In dividing that cake, the first decision to make is whether the “good fairy” will remain exactly that and continue not to demand payment, or whether she would rather claim her fair share of the cake. The latter solution would greatly simplify matters as it might in the best case even obviate the wizard in the background ( = Renewable Energy Act ), who so far effectively bore the fairy’s costs. The game theoretic solution concept PARTS would award the fairy an “added value” of €6 since she enlarged the cake by this amount.
If, however, the good fairy gives the buns to the consumer “without thinking” and without coordination with the baker, she will destroy the latter’s business model and, consequently, also the consumer’s security of supply.

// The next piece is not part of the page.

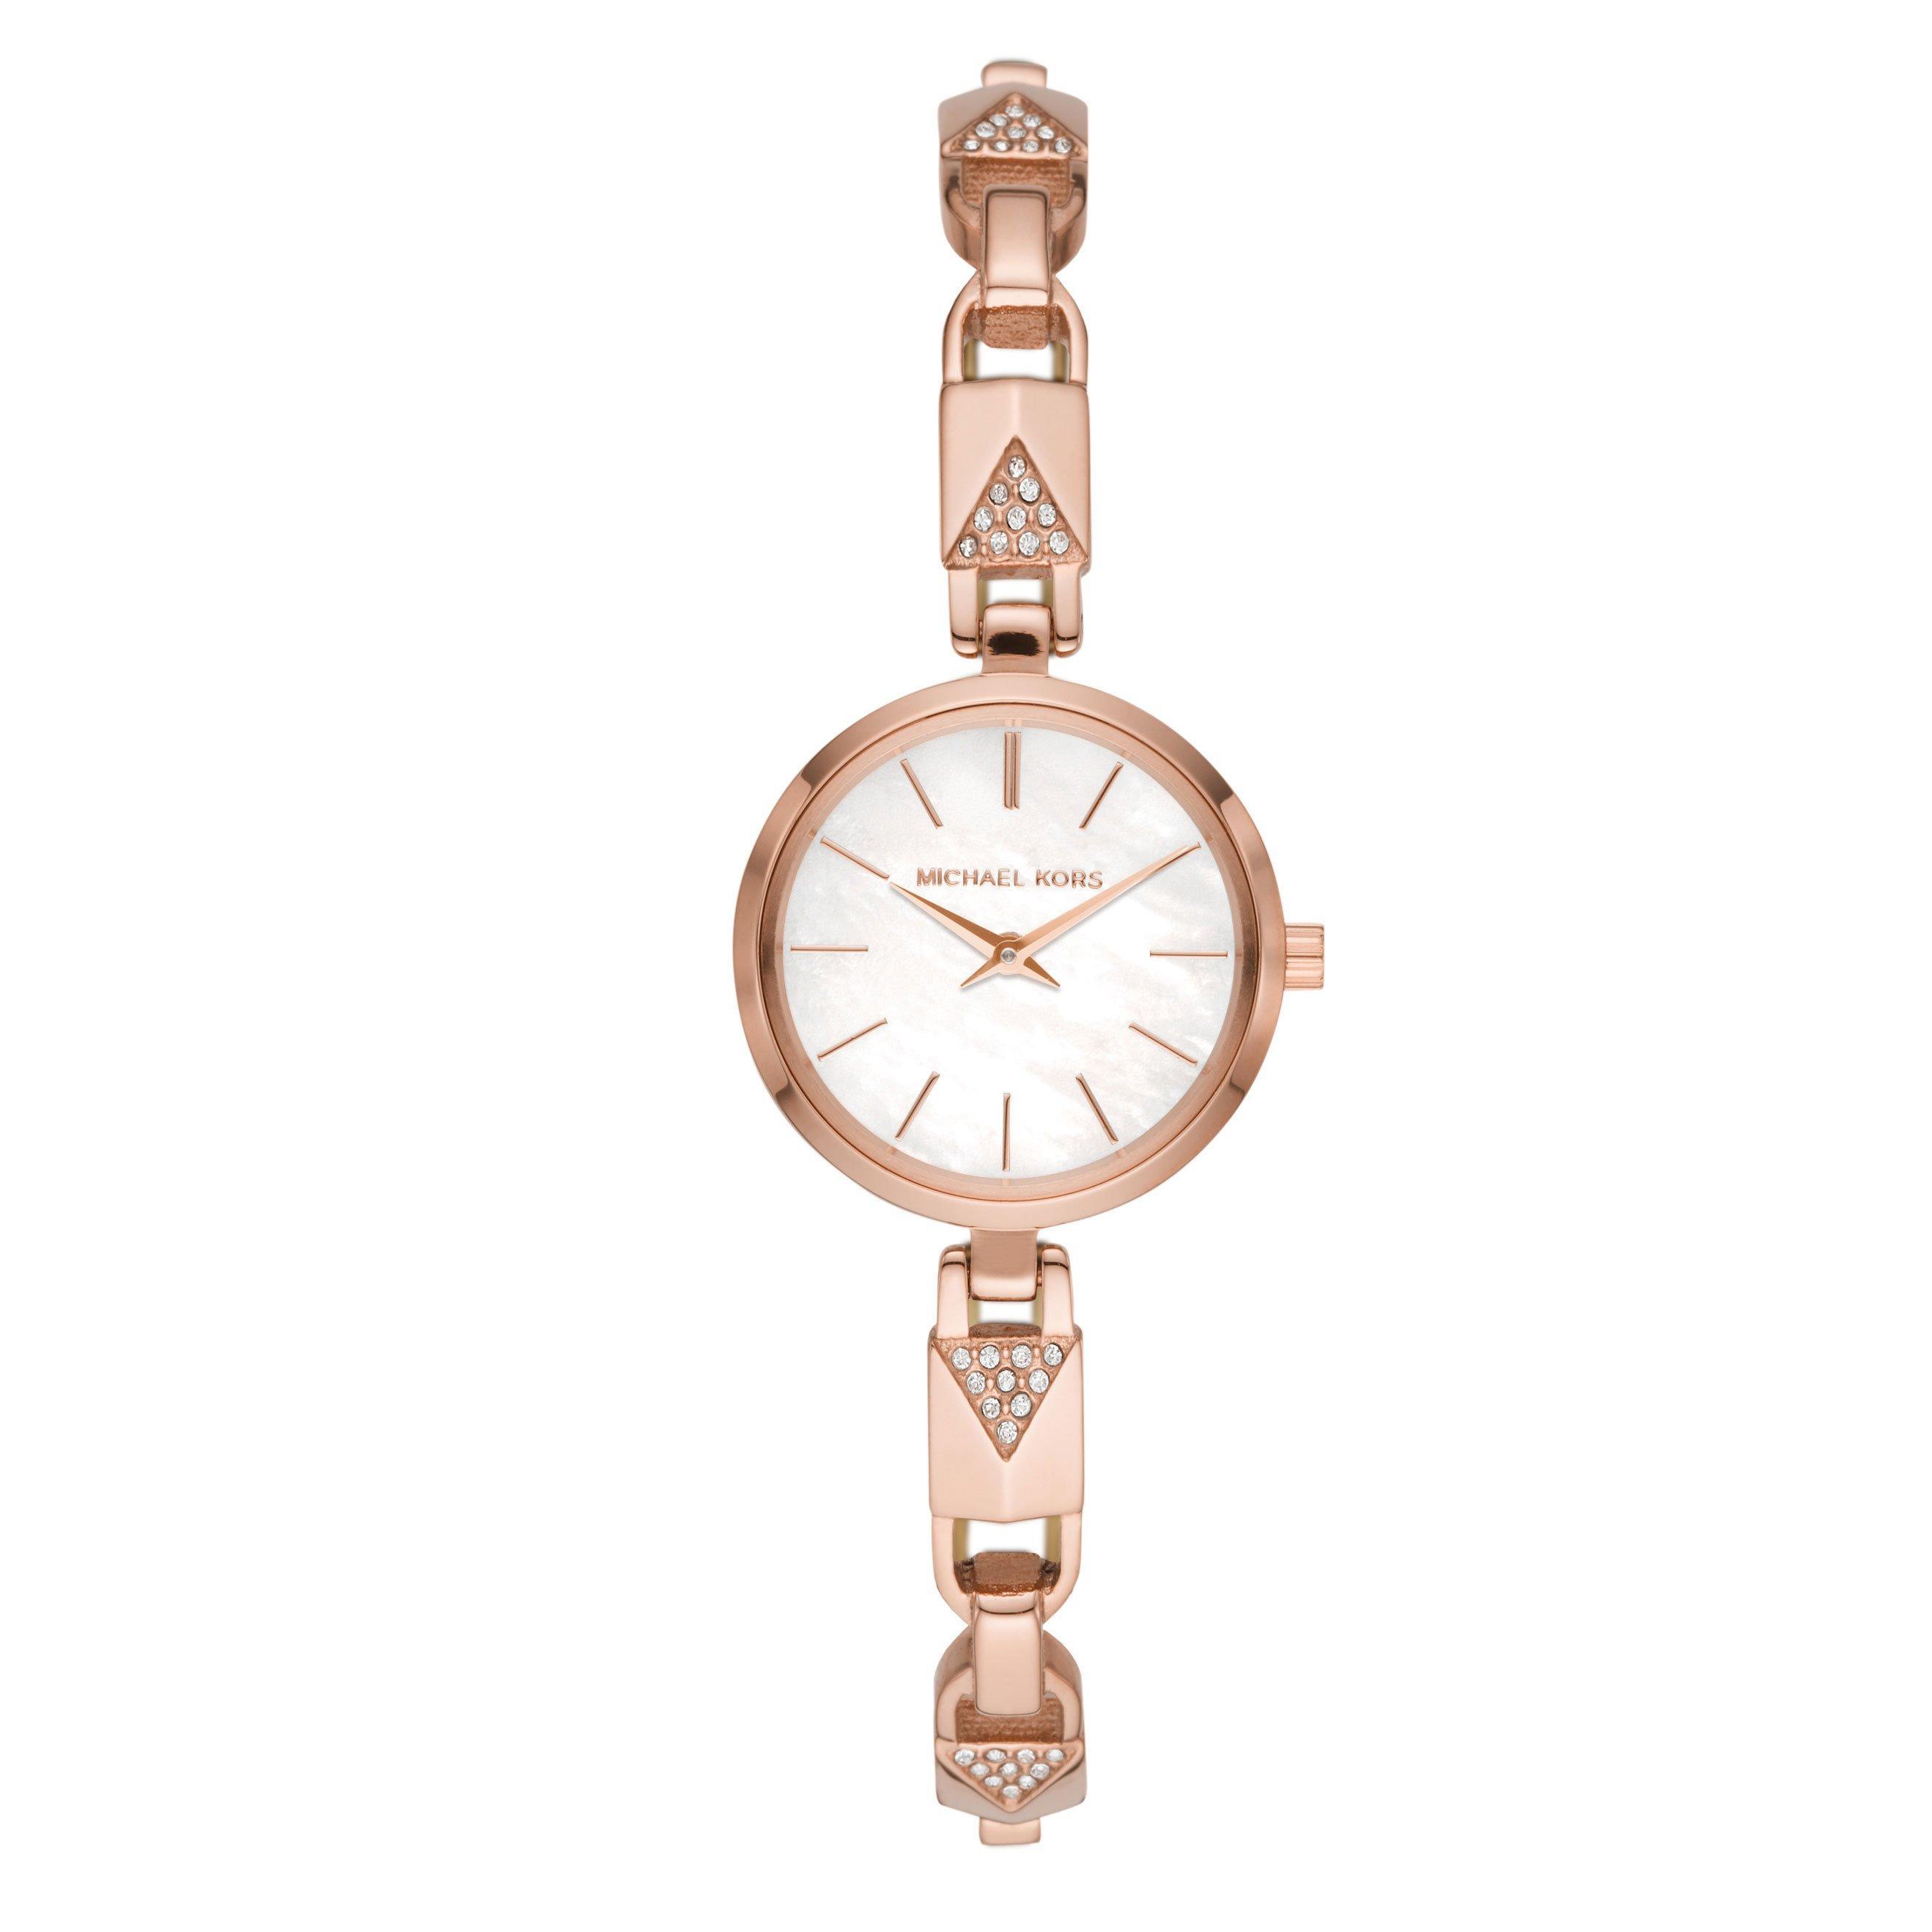 Michael Kors Jayrn Mercer Rose Gold Plated Ladies Watch

The basic idea of the electricity market design proposed by the IFAMD is not only to allow the early marketing of renewable energy on the forward market in theory (that possibility already exists today), but rather to make renewables secure (in terms of security of supply) through their mandatory combination with reliability options. The demand for such options will then give rise to a profitable market for CCGT plants and, later on, storage capacity. The Renewable Energy Act’s much-discussed renewables subsidies, which will continue to support renewables for many years to come, could assume a new role in this scenario: Rather than, as today, distorting competition on the power generation side, we propose that the funds could be better used to stimulate the demand for renewable energy on the forward market. The earlier renewable energy is demanded on the forward market, the higher the payment to the demander should be.
 Following Brandenburger, A. M. and B. J. Nalebuff (1996), Co-opetition, Currency Doubleday: P = Player, A = Added Value, R = Rules, T = Tactics, S = Space.